I have this script to download observational data of a species from GBIF.org in R. Afterwards, the data is plotted on a map of Europe so make a map of the species distribution.
# PACKAGES
library(sf)
library(rgbif)
library(dismo)
library(tidyverse)
library(eurostat)
library(leaflet)
library(sf)
library(scales)
library(cowplot)
library(ggthemes)
library(ggplot2)
# GBIF EXAMPLE
# Get data from GBIF
data <- gbif("Psilocybe", "semilanceata", geo = TRUE)
# Filter out rows with missing coordinates
data_filtered <- data[complete.cases(data$lon, data$lat), ]
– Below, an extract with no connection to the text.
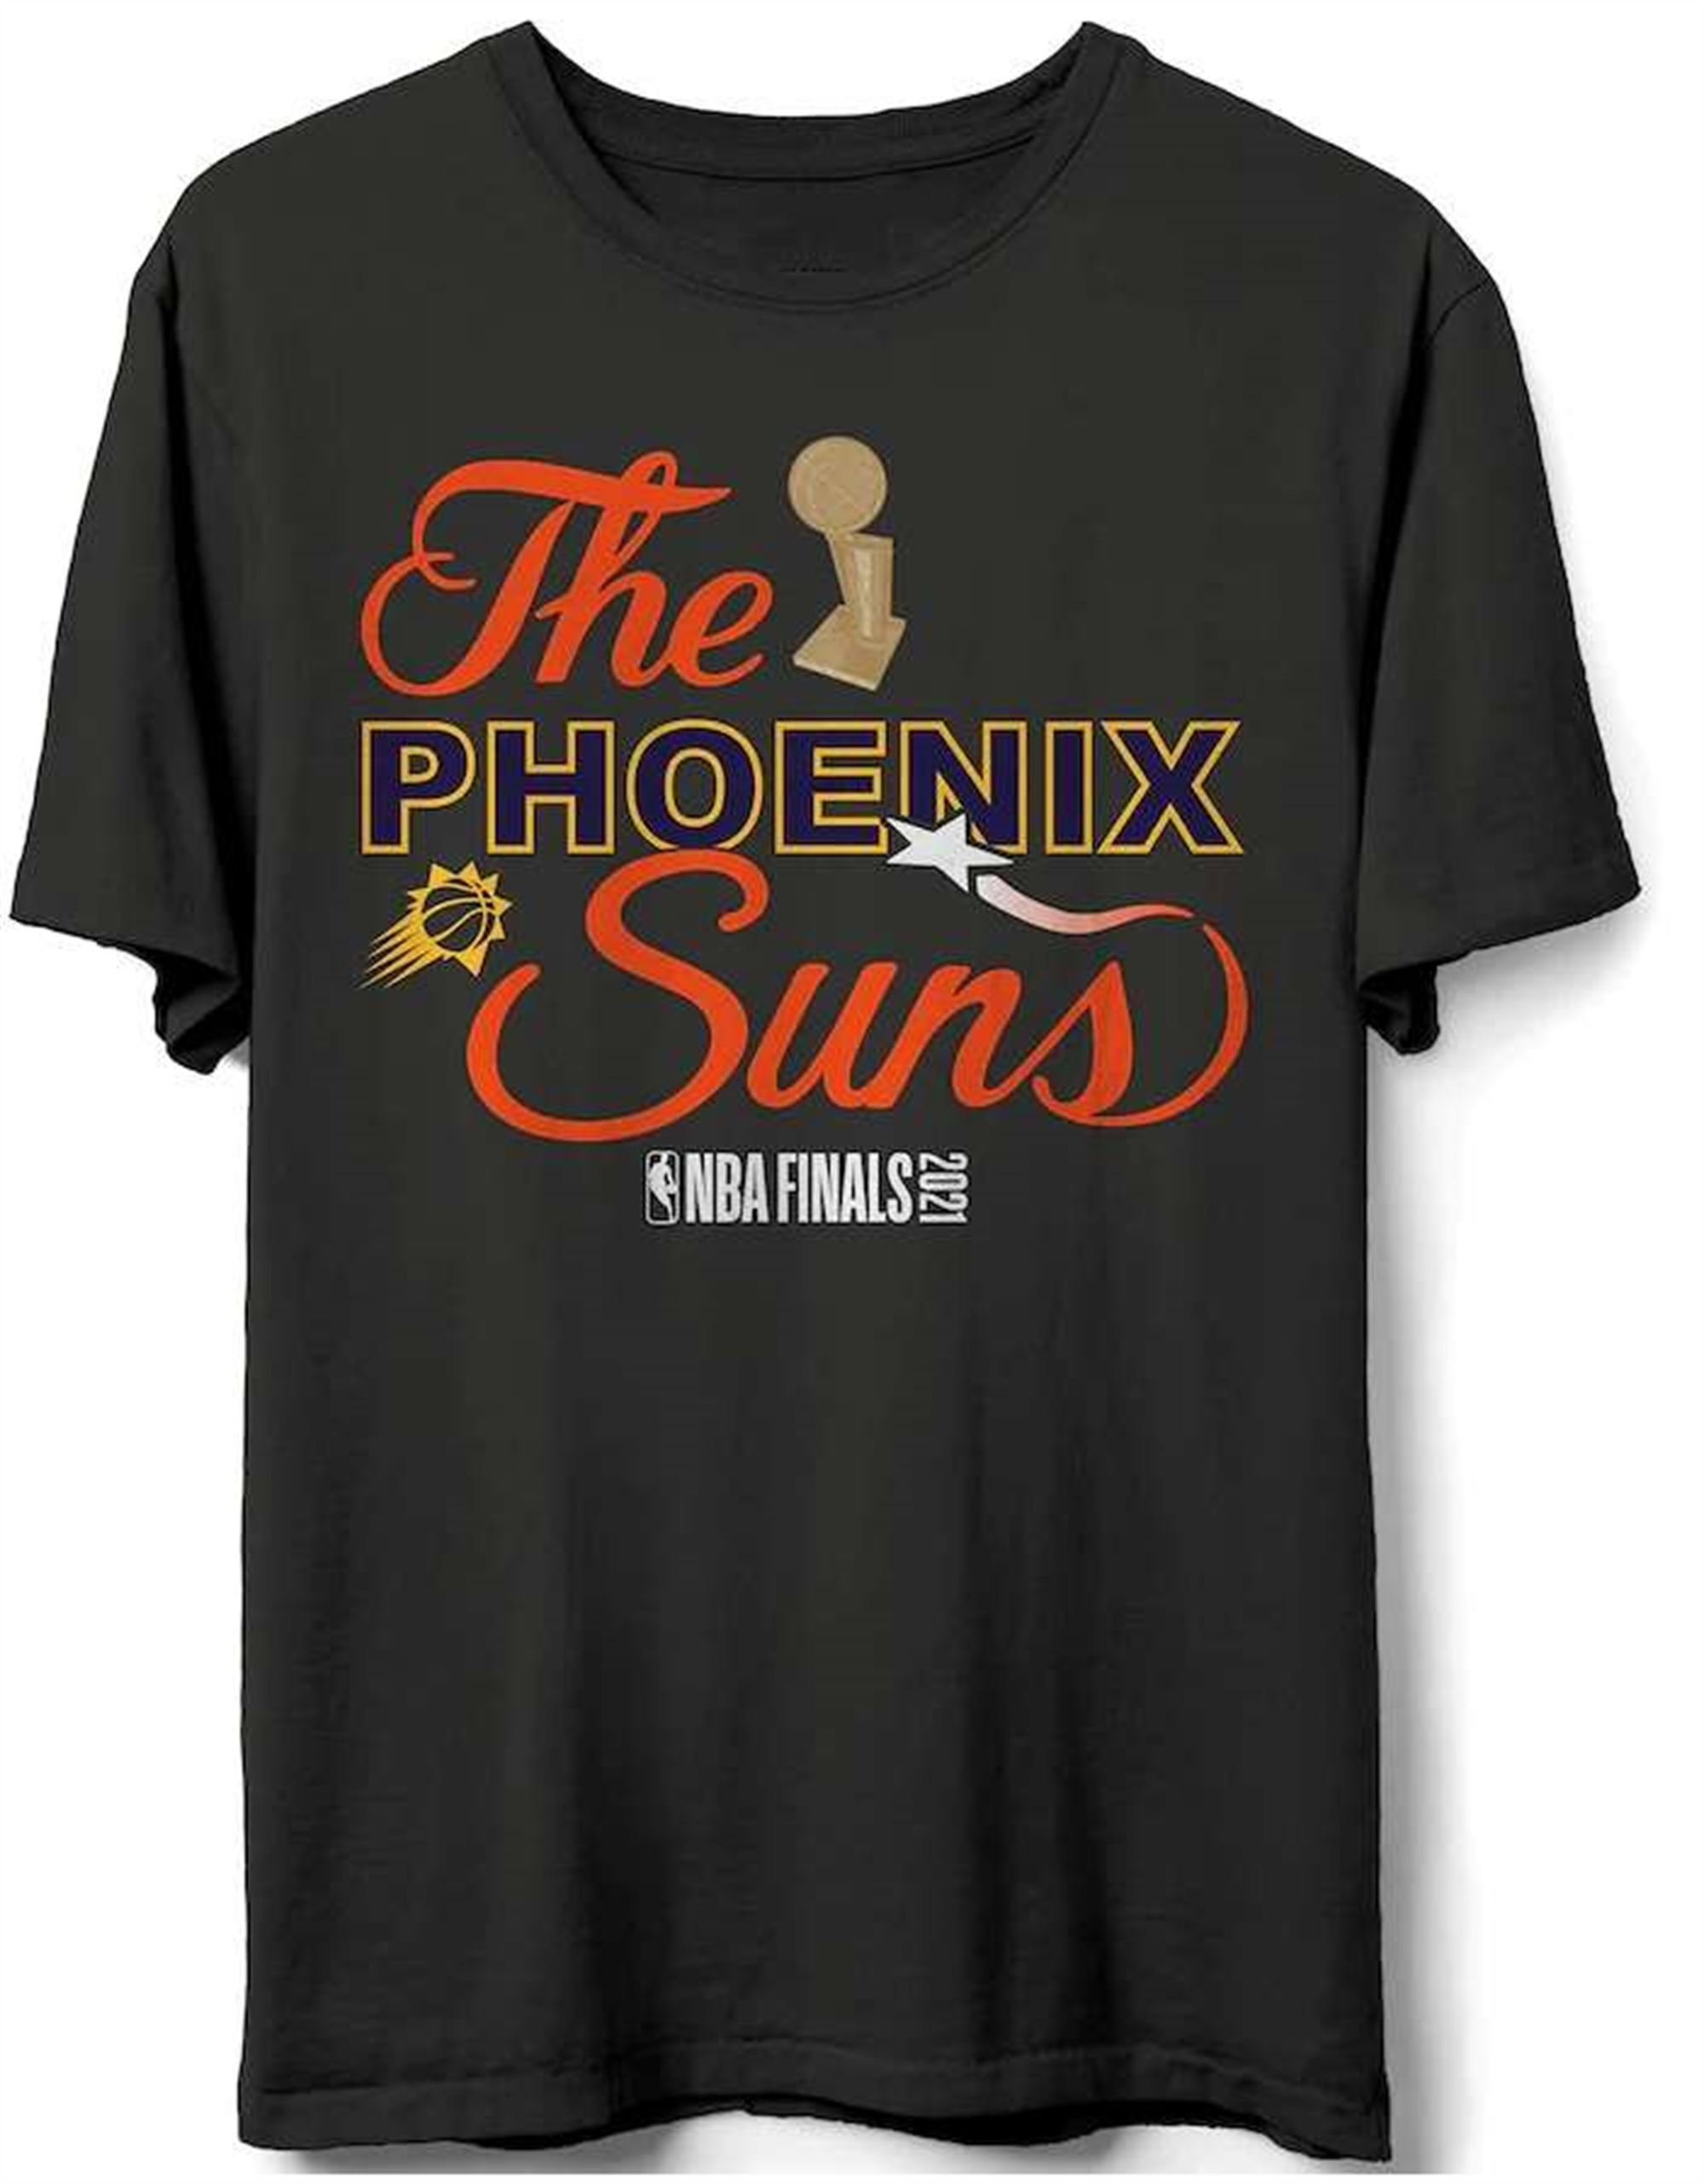 Phoenix Suns 2021 Nba Finals Unisex T Shirt Size Up To 5xl

# Create a spatial dataframe
data_sf <- st_as_sf(data_filtered, coords = c("lon", "lat"), crs = 4326)
# MAP
# Get map data
get_eurostat_geospatial(resolution = 10,
nuts_level = 0,
year = 2016)
SHP_0 <- get_eurostat_geospatial(resolution = 10,
nuts_level = 0,
year = 2016)
# PLOT OBSERVATIONS + MAP
# Simple
species_plot <-ggplot() +
geom_sf() +
geom_sf(data = SHP_0, color = 'black', fill = 'grey90',linewidth = 0.20) +
scale_x_continuous(limits = c(-10, 30)) +
scale_y_continuous(limits = c(35, 70)) +
geom_sf(data = data_sf, color = "cornflowerblue", size = 1.2, alpha = 0.25) +
theme_void()
# Save the ggplot as a .jpg file with the species name
species_name <- "Psilocybe_semilanceata"
ggsave(paste0(species_name, ".jpg"), plot = species_plot, width = 10, height = 8, units = "in", dpi = 300)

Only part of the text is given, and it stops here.